August Friedrich Ferdinand von Kotzebue (/de/, Евстафий Леонтьевич Коцебу; – ) was a German playwright, who had also worked as a Russian diplomat.

In 1817, one of Kotzebue's books was burned during the Wartburg festival. He was murdered in 1819 by Karl Ludwig Sand, a militant member of the Burschenschaften. This murder gave Metternich the pretext to issue the Carlsbad Decrees of 1819, which dissolved the Burschenschaften, cracked down on the liberal press, and seriously restricted academic freedom in the states of the German Confederation.

==Life==
Kotzebue was born on May 3, 1761 in Weimar, Saxe-Weimar, to the respected merchant Kotzebue family and was educated at Wilhelm-Ernst-Gymnasium in Weimar, where his uncle, the writer and critic Johann Karl August Musäus, was among his teachers. In 1776 the young Kotzebue acted alongside Goethe in the latter's play Die Geschwister when it premiered in Weimar. In 1777, aged sixteen, he enrolled at the University of Jena to study legal science. He continued his studies at the University of Duisburg, graduating in 1780, and practiced initially as a lawyer in Weimar.

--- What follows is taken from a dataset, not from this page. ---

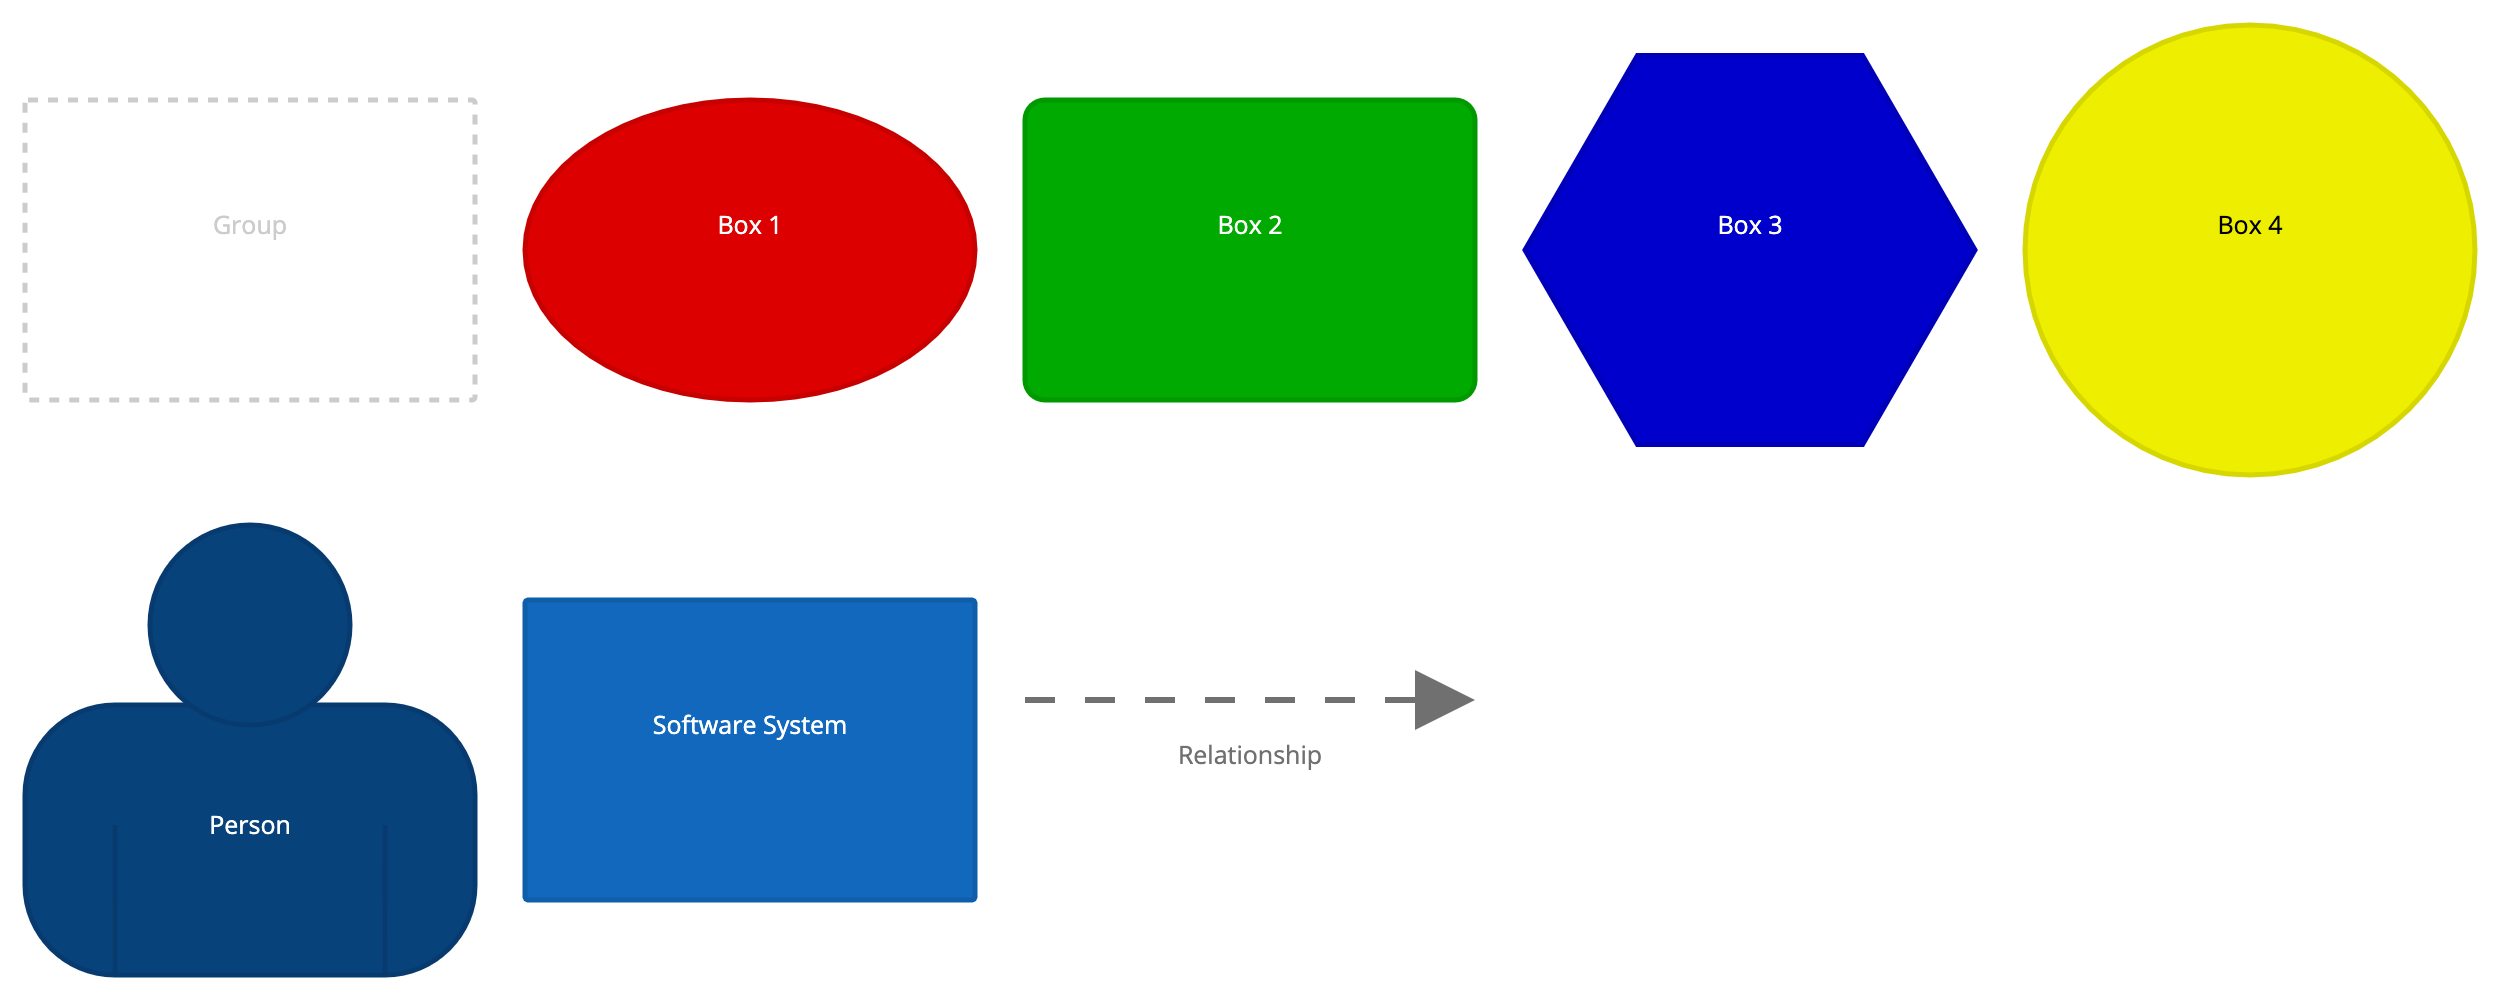 Diagram key/legend for system context diagram with additional custom elements

Through his association with Graf Goertz, Prussian ambassador at the Russian court, Kotzebue became secretary to the Governor General of Saint Petersburg. In 1783 he was appointed assessor to the high court of appeals in Reval, where he married the daughter of a Russian lieutenant general. He was ennobled in 1785 and became president of the Magistrat of the Governorate of Estonia, a province of the Russian Empire.

In Reval his first literary works were favourably received. His novels Die Leiden der Ortenbergischen Familie (The Sorrows of the Ortenberg Family) (1785) and Geschichte meines Vaters (History of my Father) (1788) met with appreciation; even more so did his plays Adelheid von Wulfingen (1789), Menschenhass und Reue (Misanthropy and Repentance) (1790) and Die Indianer in England (The Indians in England) (1790).

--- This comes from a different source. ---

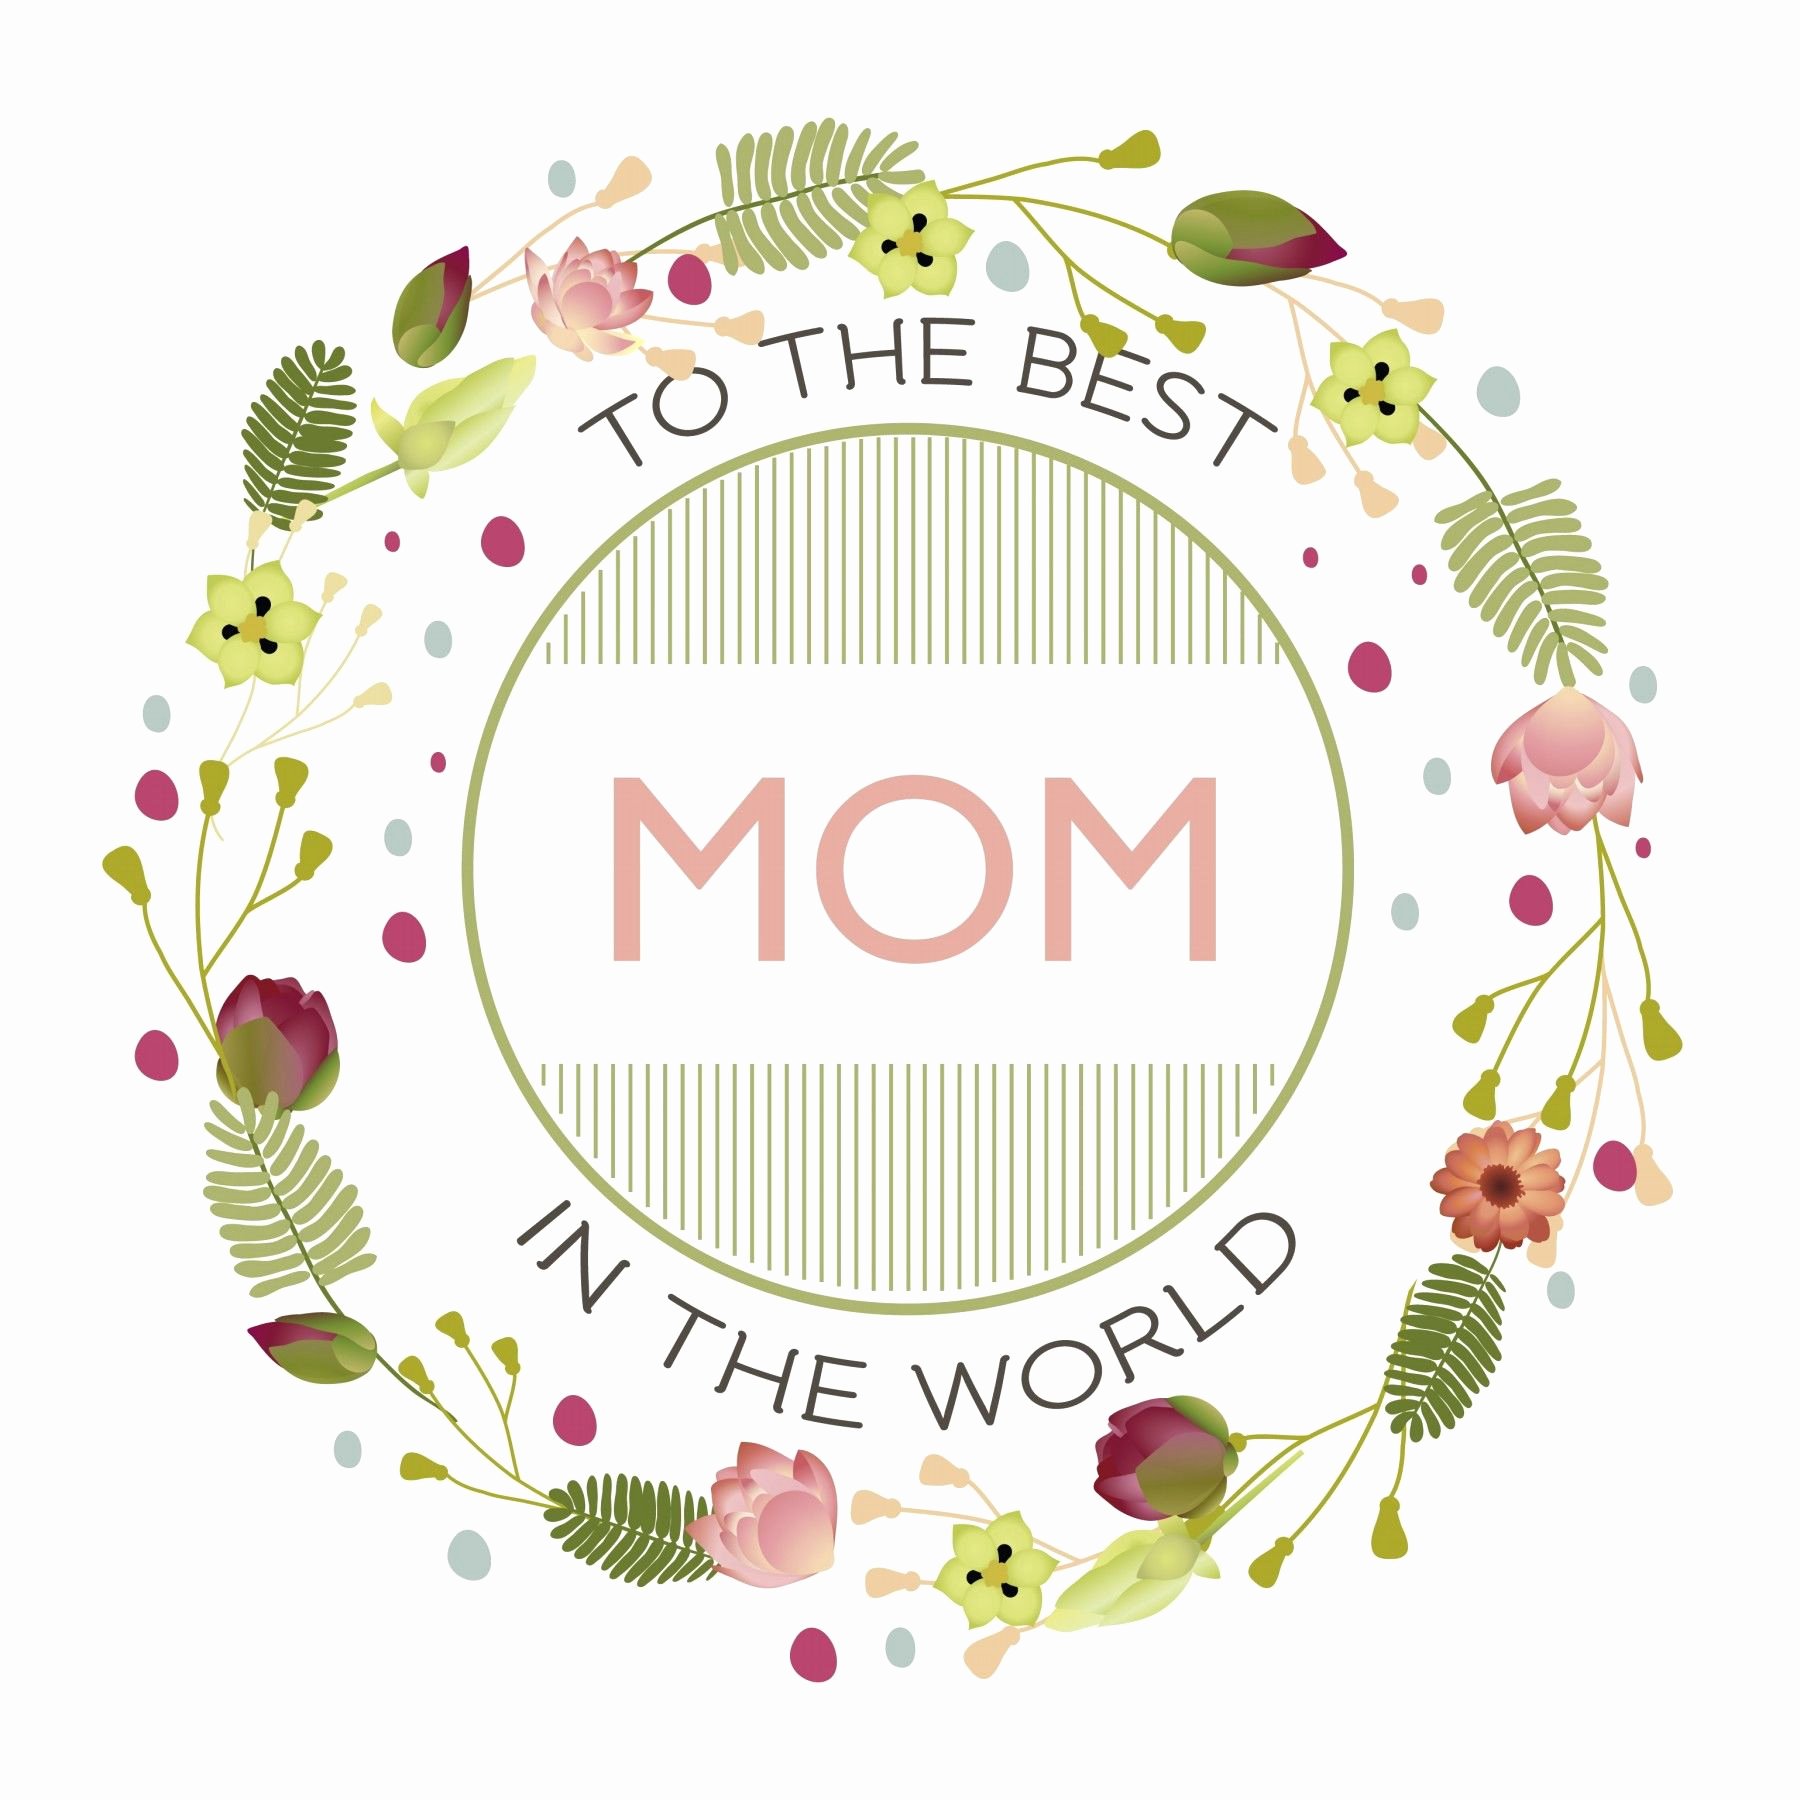 Best Mom In the World Award Inspirational to the Best Mom In the World S and

The good reputation of these works was, however, almost destroyed by a controversial dramatic satire, Doktor Bahrdt mit der eisernen Stirn (Doctor Bahrdt with the Iron Brow), which appeared in 1790 with the name of Knigge on the title page. Written in response to contention between Johann Georg Ritter von Zimmermann and leaders of Berlin's party of the Enlightenment, it linked each of Zimmermann's opponents to a particular sexual perversion. Kotzebue denied authorship, even when the police began to investigate the matter. This alienated both Zimmermann and Knigge, formerly his allies, and also gained Kotzebue a reputation for dishonesty and lasciviousness that he would never shake off.

After the death of his first wife in 1790, Kotzebue retired from the Russian service and lived for a time in Paris and Mainz. In 1795 he settled on an estate which he had acquired near Reval and devoted himself to writing. In the space of only a few years, he published six volumes of miscellaneous sketches and stories (Die jüngsten Kinder meiner Laune, 1793–1796) and more than twenty plays, many of which were translated into several European languages.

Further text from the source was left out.